2016年9月
(ワークショップ報告書)「健康長寿社会日本」のためのバイオメカニクス研究/CRDS-FY2016-WR-04
エグゼクティブサマリー

 本報告書は科学技術振興機構(JST)研究開発戦略センター(CRDS)が平成28年5月11日に開催したワークショップ(WS)「健康長寿社会日本のためのバイオメカニクス研究」に関するものである。

 世界に先駆けて「超高齢社会」に突入した我が国では、高齢者が日常生活動作を支障なく行うことができ、健康を維持していくことが強く望まれている。しかし、現在のところ、ロコモティブシンドロームに代表される運動機能の衰退から、寝たきり、要介護となる高齢者は増加の一途をたどっており、この問題を解決するための研究開発、その成果の早期社会実装が強く期待されている。一般に、健康の維持のためには、「身体を動かすこと」が重要なファクターであるが、積極的に運動を行い、身体作り、健康維持を行うという意識が高まっているものの、これを実施する者は少なく、我が国の生産性維持を考えた場合、国民全年代層が「身体を動かす」こと、例えばスポーツを楽しむことができるよう、様々な施策が必要となる。 JST-CRDSでは、こうした社会的問題の解決に向け、人間をはじめとする生物の運動機能を力学的に解析・解明し、疾患の治療、リハビリテーション、これらを支援するための各種デバイスや計測器の開発を行う複合領域である「バイオメカニクス」に着目して、平成27年度から検討を進めてきた(以下「本チーム」)。  本チームではこの問題の解決に向けて、当該分野の研究開発動向を俯瞰的に調査し、超高齢社会における運動機能の維持に役立つ研究開発課題等を抽出し、これらを組み合わせることによって、例えば、運動機能モニタリングにより得られたデータに医師やコーチの知見を加えて、ケガの予防・適切な運動技能の獲得を目指すクラウドシステムの構築などを実現するための科学技術戦略立案を目的としている。  これまでの有識者インタビューなどの活動を通じて、本システムを構成する要素技術である、「スポーツ医科学研究」「脳計測に基づく運動機能拡充」などについて、先端的な研究開発要素の抽出を行った。また、国内外のスポーツ医科学研究に関連したプロジェクト等を調査した。本チームでの提案は今後、国民個人の健康長寿の維持、我が国全体としての健康長寿社会形成の基盤となり得るツールの開発としてまとめていく予定である。
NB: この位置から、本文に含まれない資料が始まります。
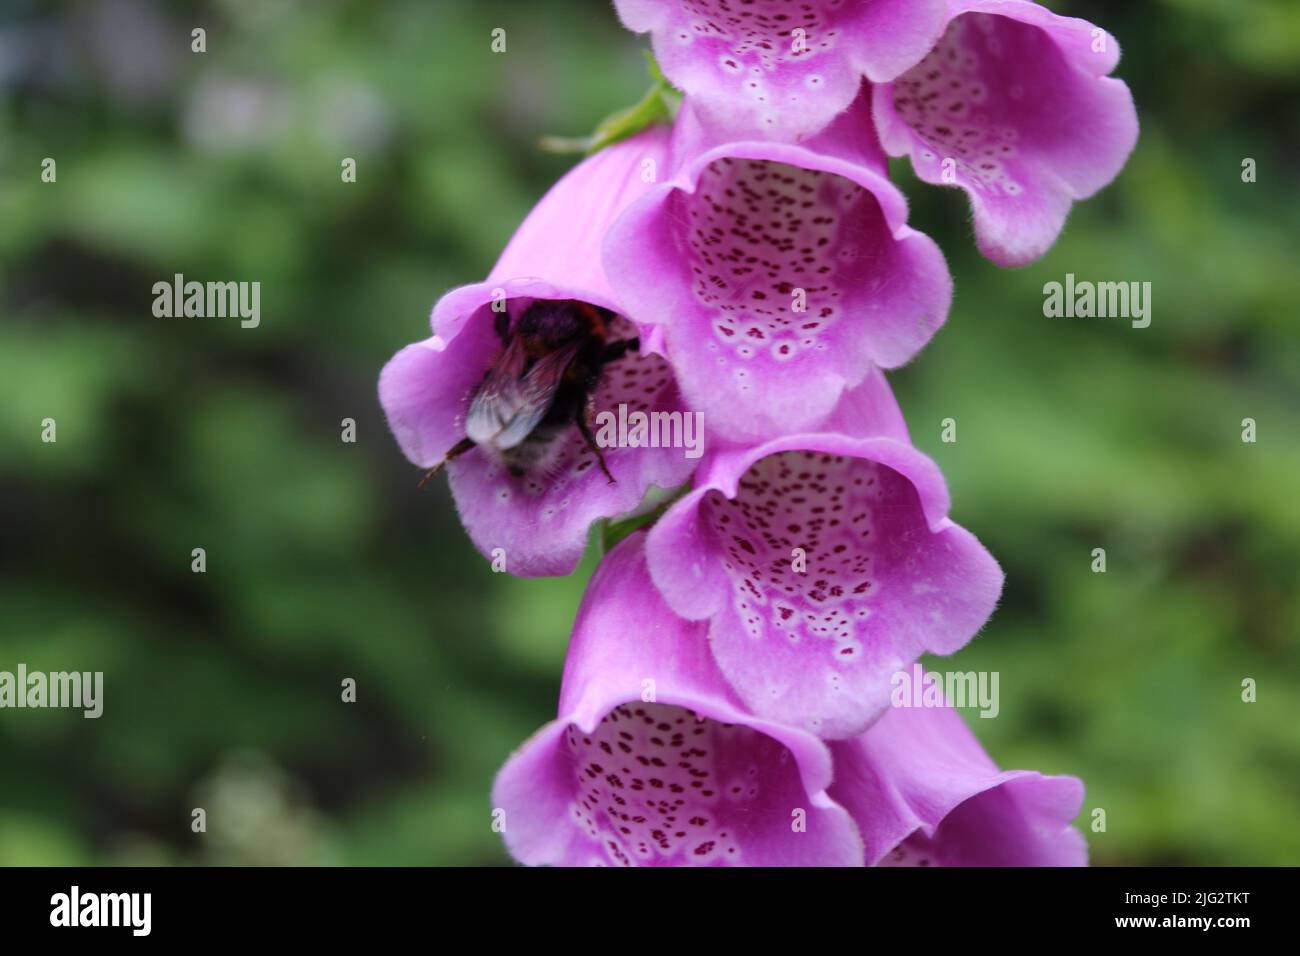 Un closeup estremo utilizzando un obiettivo macro. Il colpo è di un'ape che inquina un fiore di hollyhock rosa in un giardino. Il dettaglio dei petali è visibile. Foto Stock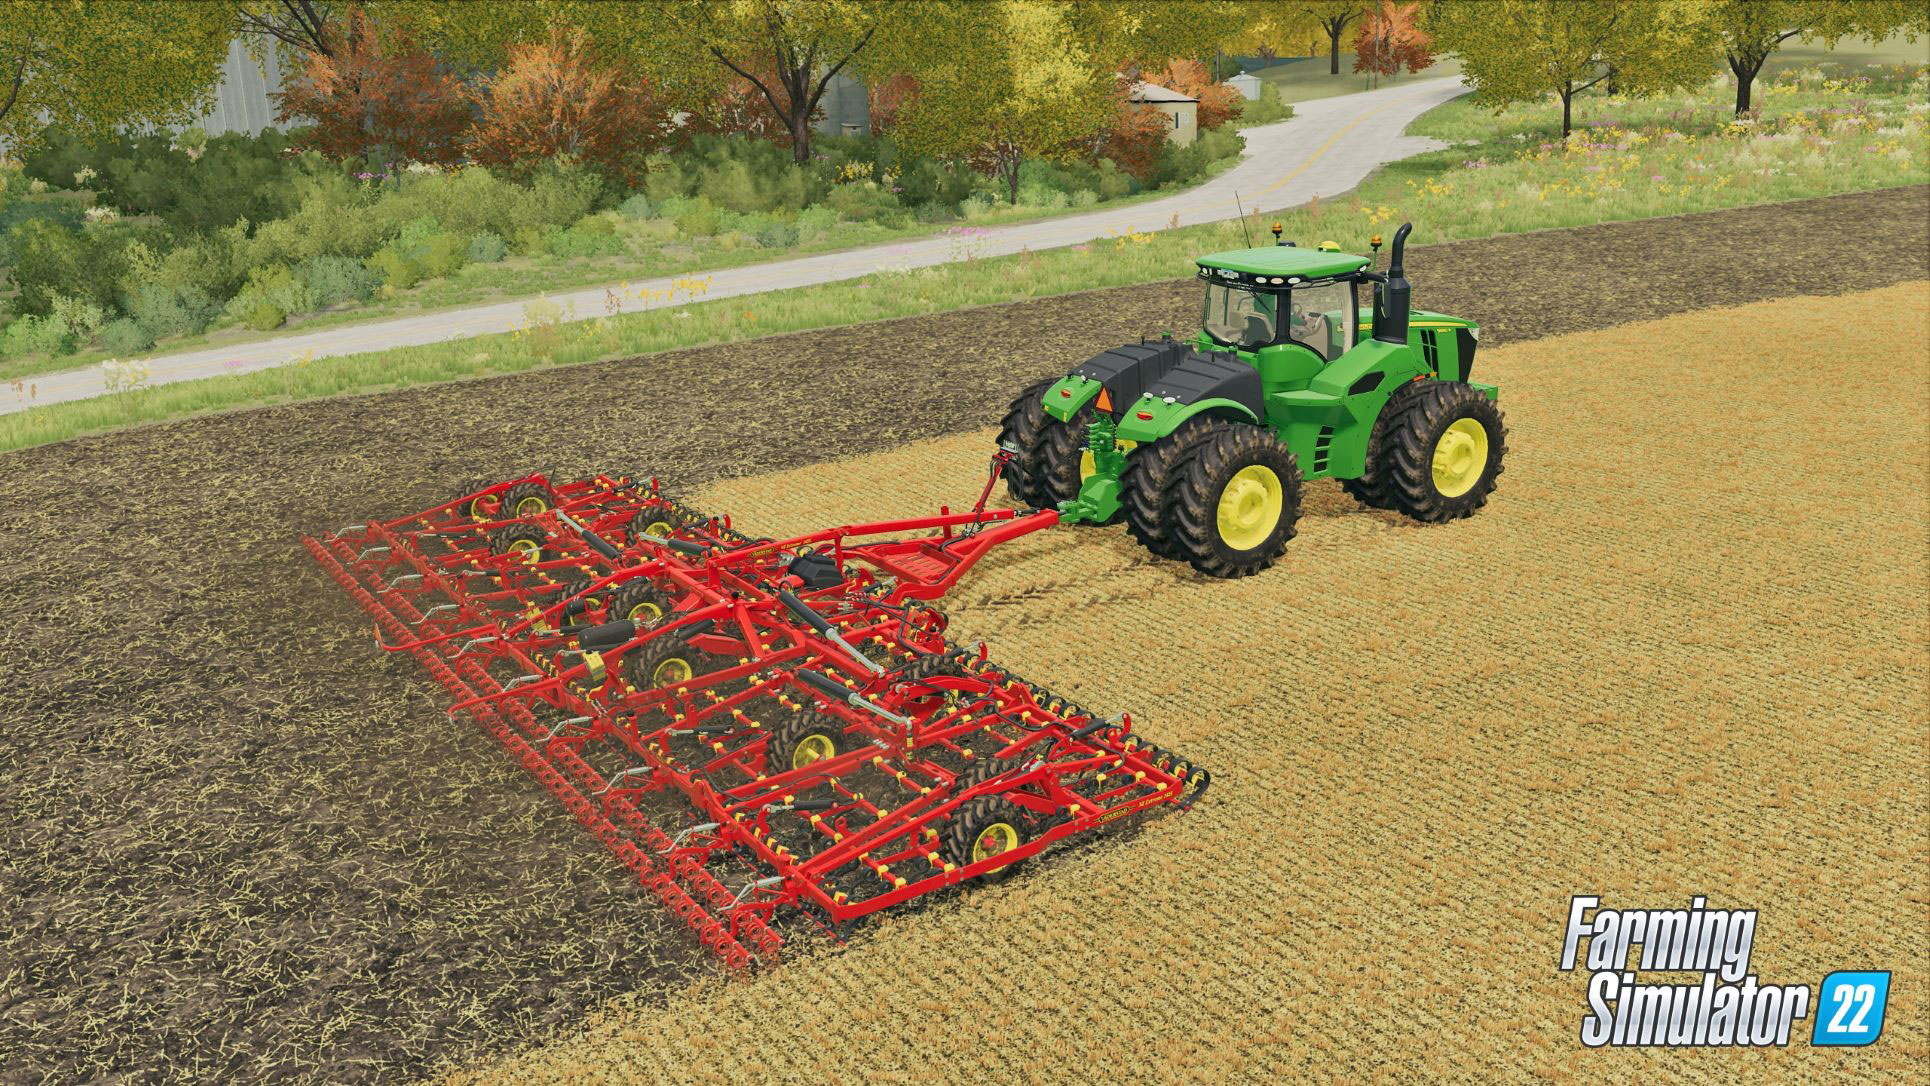 PS5 Farming Simulator 22 - Platinum Edition

 本チームの調査・検討内容をより深化する活動の一環として、ワークショップを開催し、上記の先端科学技術、脳科学、スポーツ医科学を専門とする有識者より最先端の技術、研究開発、業界などの動向に関する発表と意見交換を行うこととした。本ワークショップでは、参加いただく有識者に事前にアンケートに回答いただき、超高齢化社会問題の解決に資する先端科学的シーズと将来的な研究テーマやそれを達成するための望ましいファンディング形式などについて意見を集約した。これらも踏まえて、今後の課題抽出・研究推進にあたって必要な方策、また本研究領域に公的資金を投入する意義の明確化などを議論した。
その結果、主に以下のような研究開発の重要性が指摘された。
・スポーツ等の身体作りに関心を持たない層が利用したくなる運動支援デバイス、特にスポーツの「コツ」をつかむことができるようなデバイスの開発
・運動機能の衰退、また、衰退した状態から回復するログ等を大規模に集積し解析する疫学的研究
・運動機能を司る脳の情報を読み取り、これを筋電刺激等で反映させるためのシステム/デバイス開発、また、脳情報読み取りを中心とした脳科学研究の深化
・スポーツにおける外傷(ケガ)を報告し、医学的な意味を持たせた統一的なデータフォーマットの作成とデータベース化、競技団体レベルでのトレーニング方法としての実装
・スポーツ医科学研究全体の深化と医学、スポーツ科学、工学など異分野連携

 また、これらの研究および現状の成果は広範囲に渡り、主体的に研究を進める研究者、関係者が多様であること、国として研究開発を推進する際、最先端を走る研究、および研究者層が不明確であることが指摘され、研究開発領域を提案するにあたっては、より詳細な調査が必要であることが指摘された。
 今回のワークショップで得られた意見や提案を整理、統合し、多くのステークホルダーとの関わり方やアウトプットイメージ、先端的な研究開発成果を明確にすることに留意しつつ、バイオメカニクスチームが作成する調査報告書へと反映する予定である。